--- RECORDED DATA Enclosed Below ---
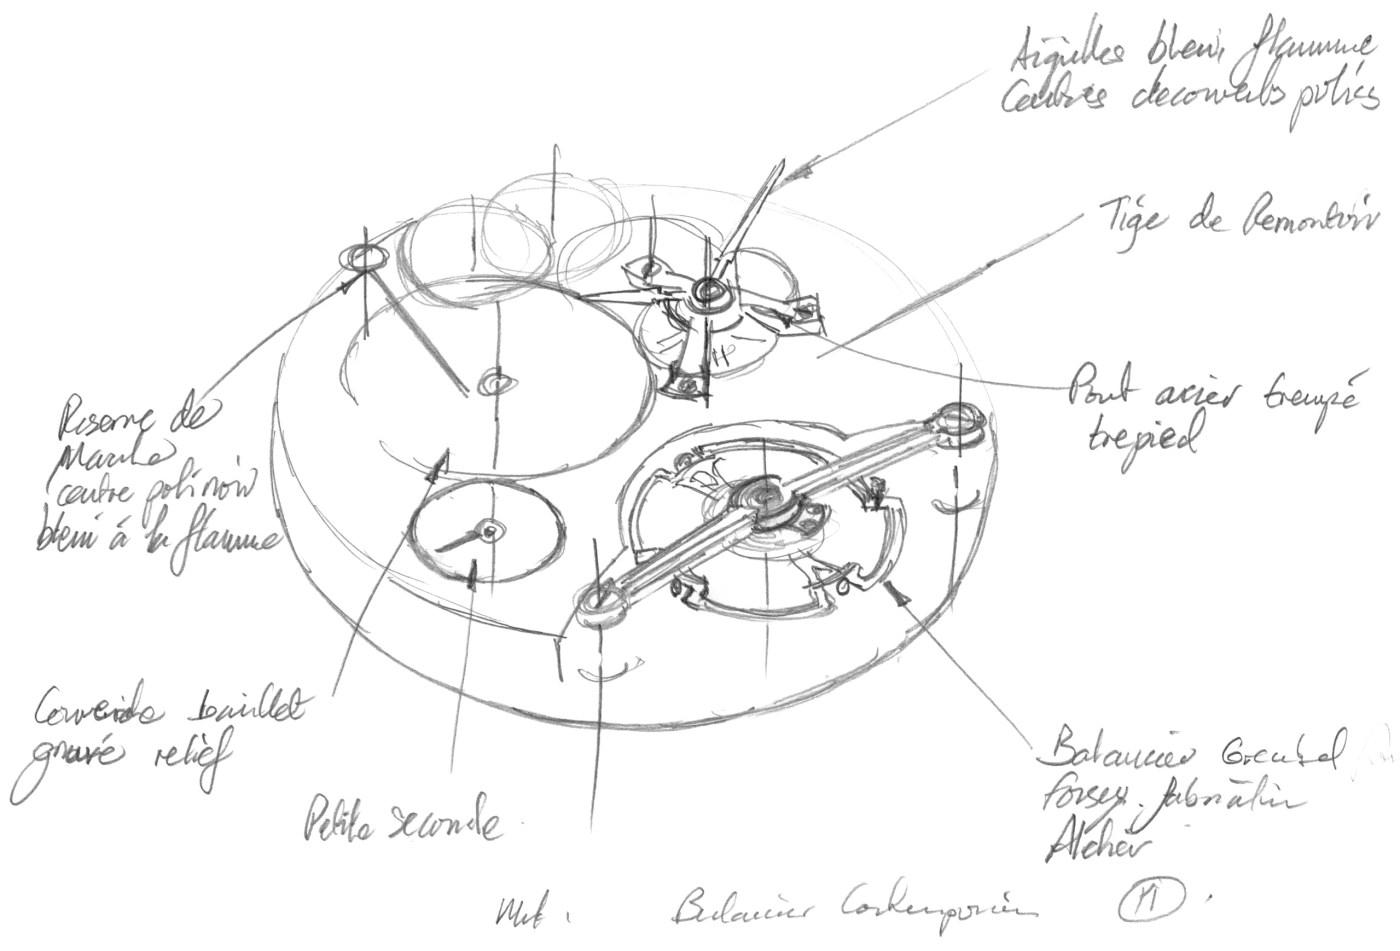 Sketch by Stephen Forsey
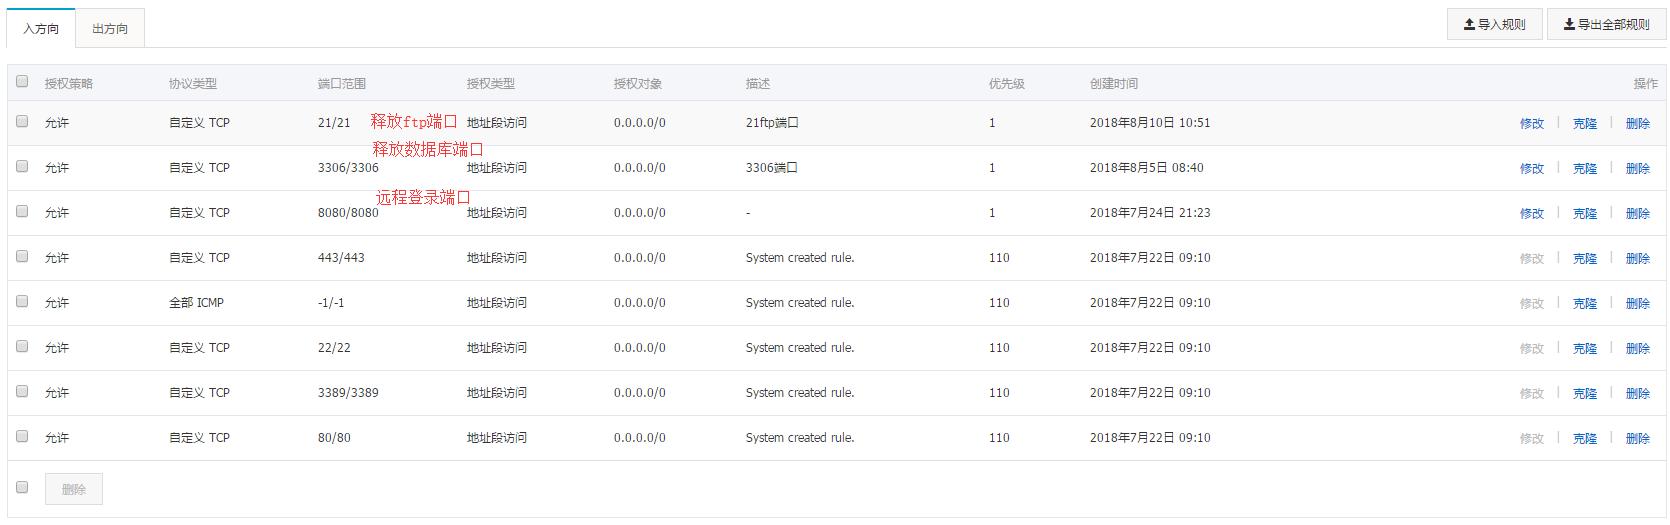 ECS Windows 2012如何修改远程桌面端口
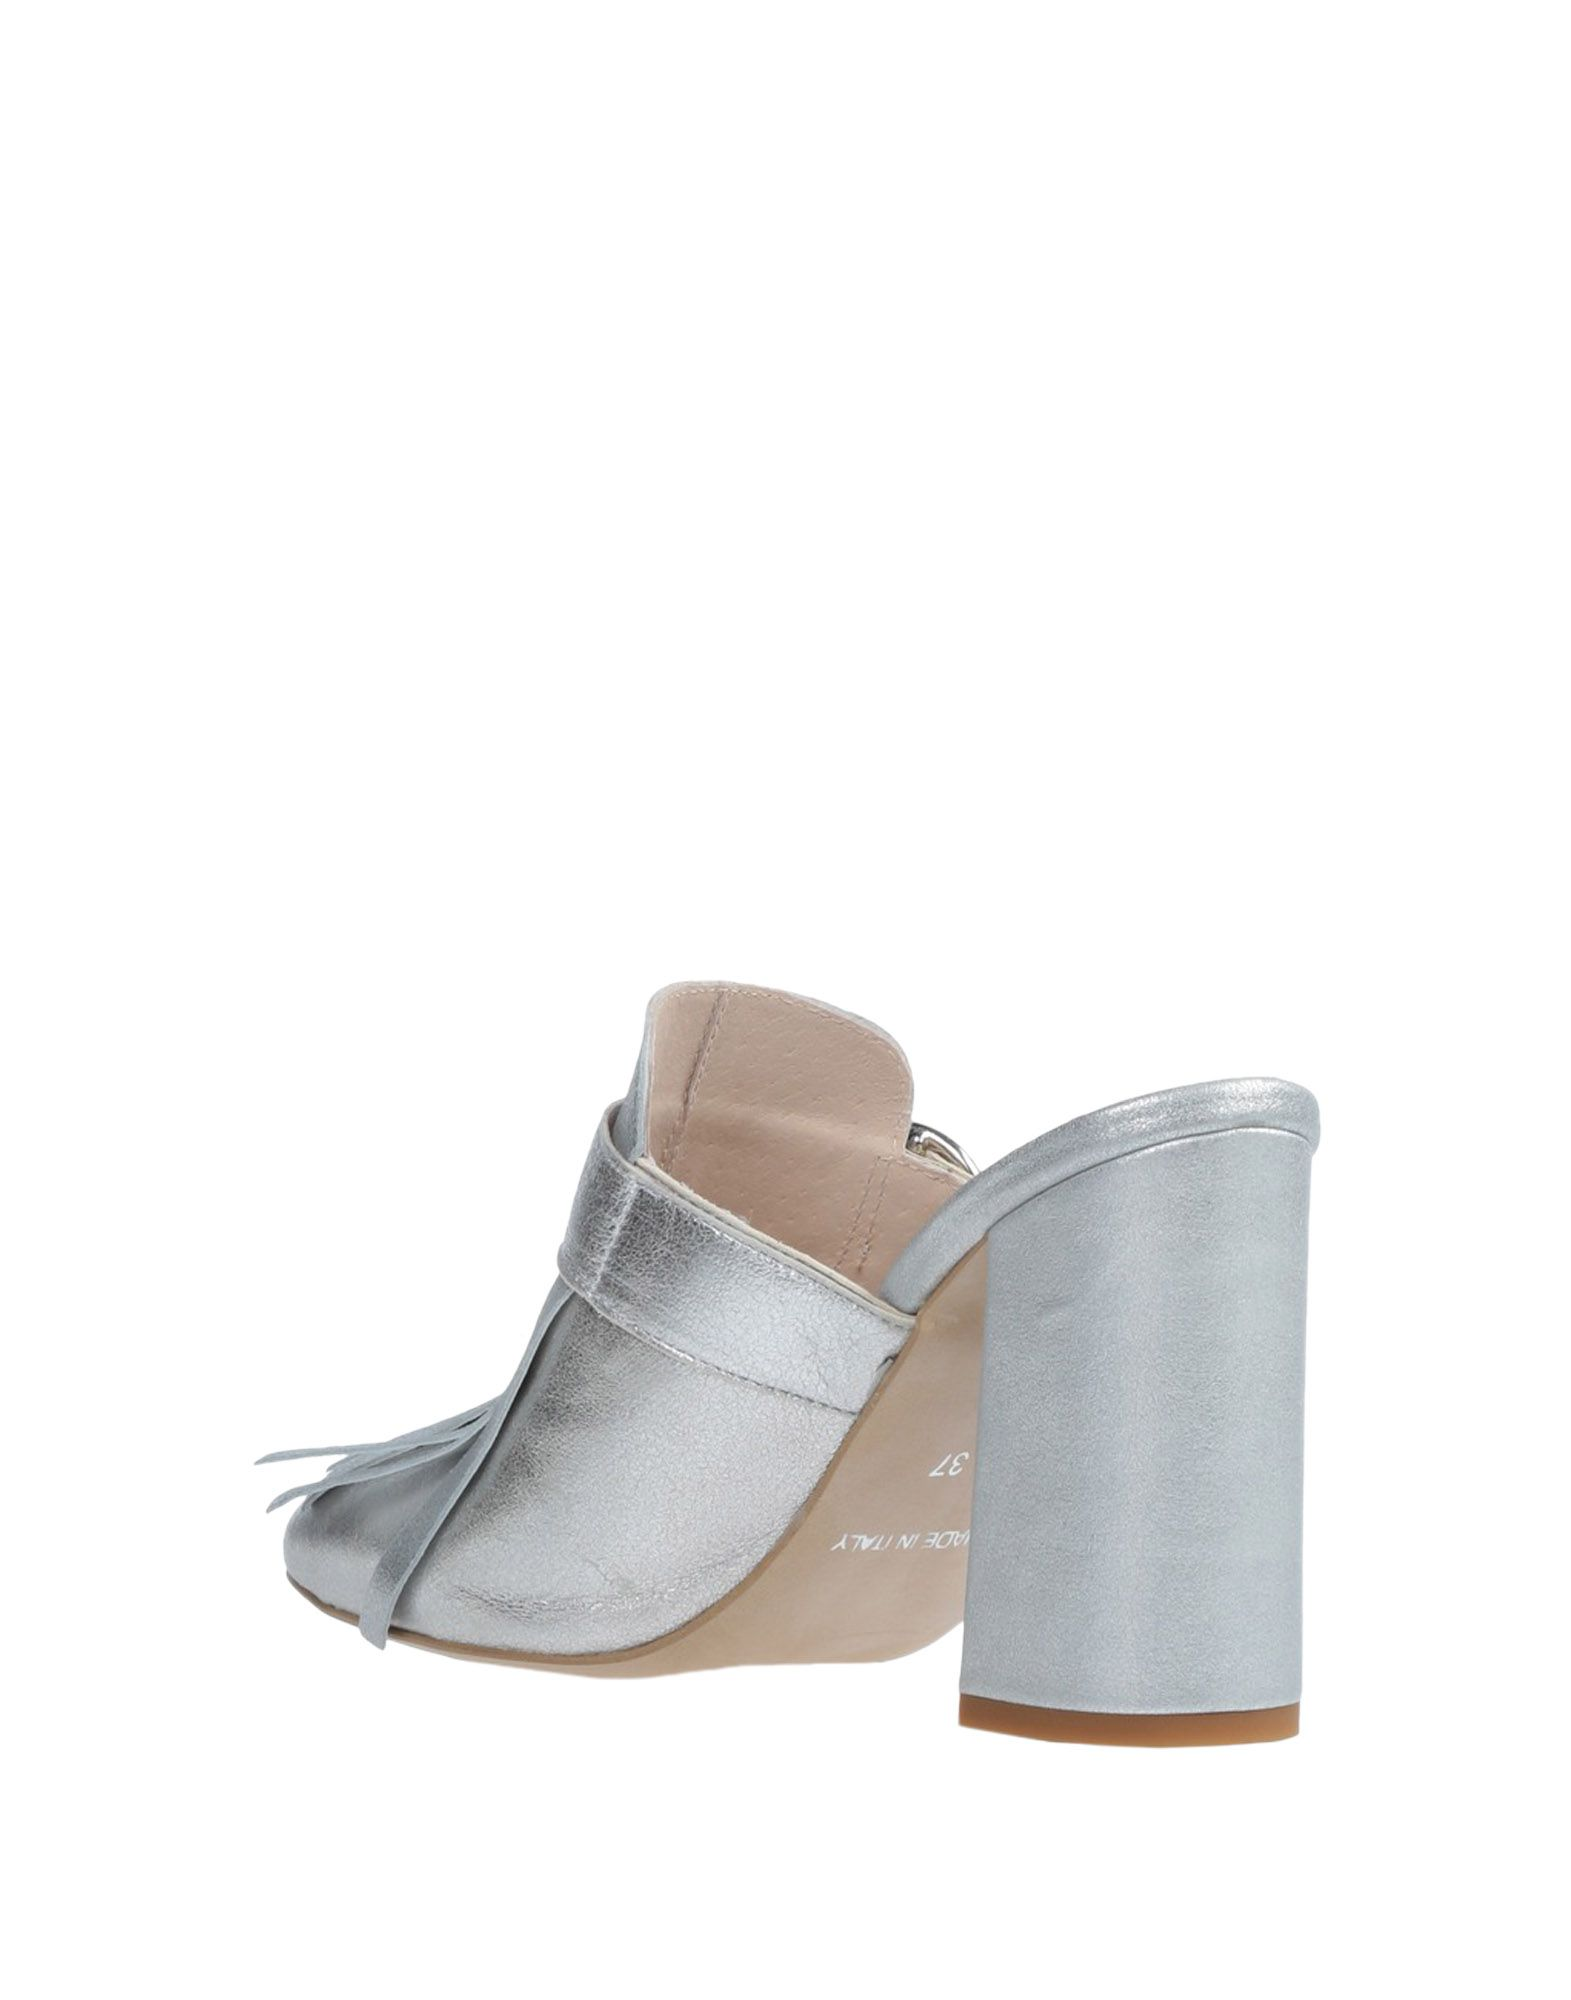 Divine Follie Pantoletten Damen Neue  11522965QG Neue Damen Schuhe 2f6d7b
--- End of Enclosed RECORDED DATA ---
WHAT YOU WILL DO » None of the pictures should be carried over when the data above is transcribed exactly.

TASK RESPONSE »
 Sketch by Stephen Forsey
 ECS Windows 2012如何修改远程桌面端口
 Divine Follie Pantoletten Damen Neue  11522965QG Neue Damen Schuhe 2f6d7b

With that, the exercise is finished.